Deep ecology can also be rationalized without reactionary beliefs

By the time socialism comes along we'll probably have robots growing and cooking our food to perfection

Abolishing industry isn't possible without a massive reduction in population, as well as a massive reduction in quality of life and freedom. It's a misanthropic proposition, and should be rejected wholesale. The problem isn't industry per se, but the extent to which industry is done rationally and ecologically. I agree there's definitely problems with chemicals in our food though; Bookchin wrote an entire book about this, among other things (our synthetic environment). But as far as deep ecology being conceived of without reactionary beliefs goes, I have to disagree. This is because a fundamental principle of deep ecology is its ethics of biocentrism, which are inherently misanthropic and reactionary. Bookchin's dialectical naturalism sought to chart a third alternative to either biocentrism or anthropocentrism.

What do you mean by perfect? Being organic? Having the greatest flavor? (Having greatest flavor often indicates its unhealthy)

Also making pefected food that never spoils is never healthy because most foods that expire the quickest have the highest nutritional value, which is why most and bacteria love that stuff.

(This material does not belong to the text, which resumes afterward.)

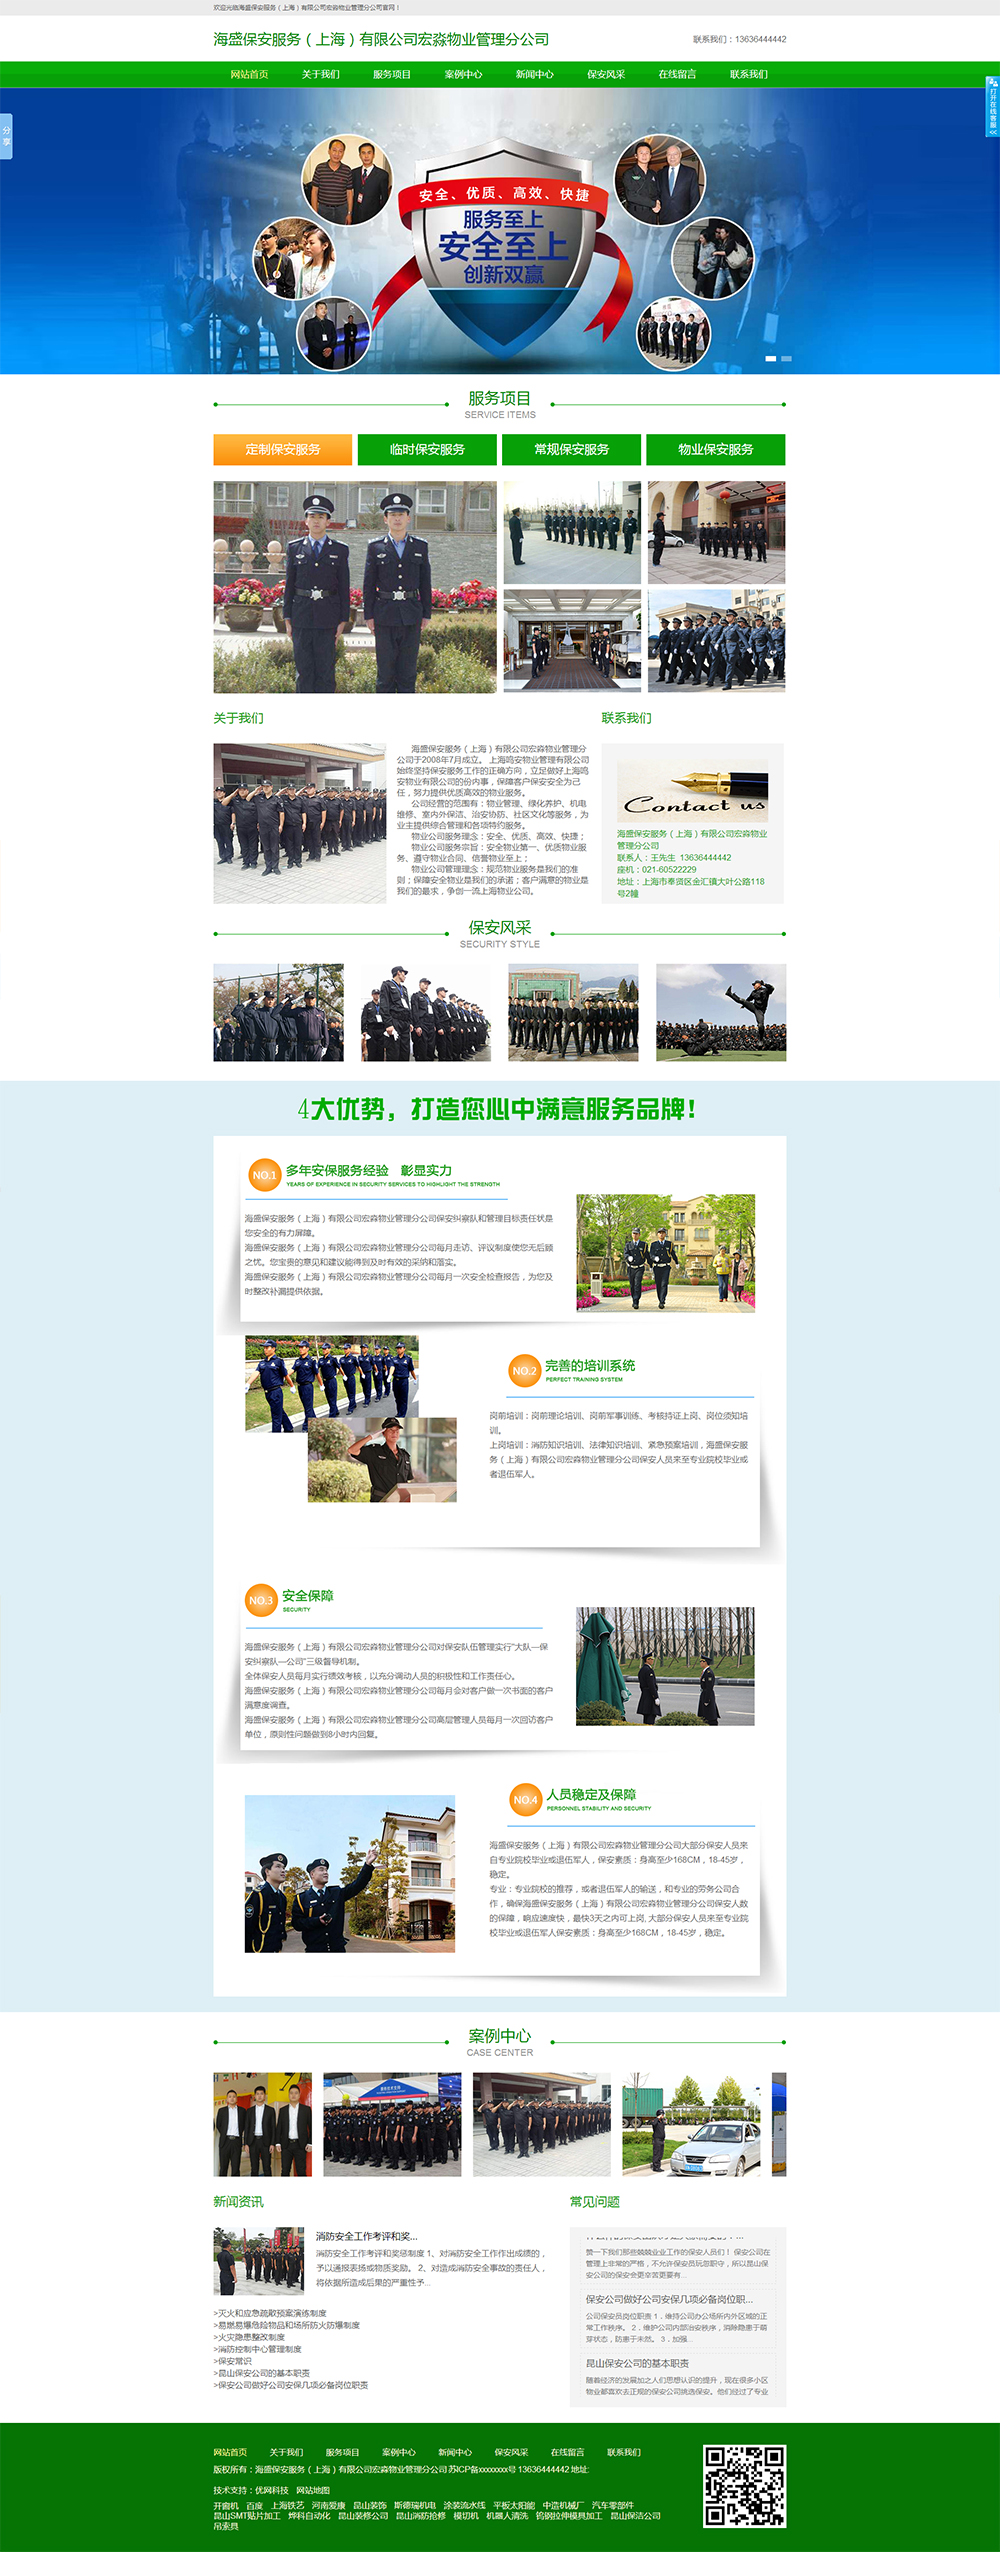 海盛保安服务（上海）有限公司宏淼物业管理分公司

True, people are often too selfish to give up what's for the best of humanity, because they don't want to give up what's best for them personally. We can't give up fossil-fuels/automated transportation because people have become reliant on it. I think that if people became self-reliant like growing their own food and such, they wouldn't need industry, they wouldn't need cars.

My belief on ecology is that the more we try to fight natural order, the more we fight ourselves. For instance, we try to fight spoiled food by adding preservatives in it, but in the long run, this can also cause problems.

And also, self reliance means that you don't have to rely on commodities, therefore you don't need money to survive.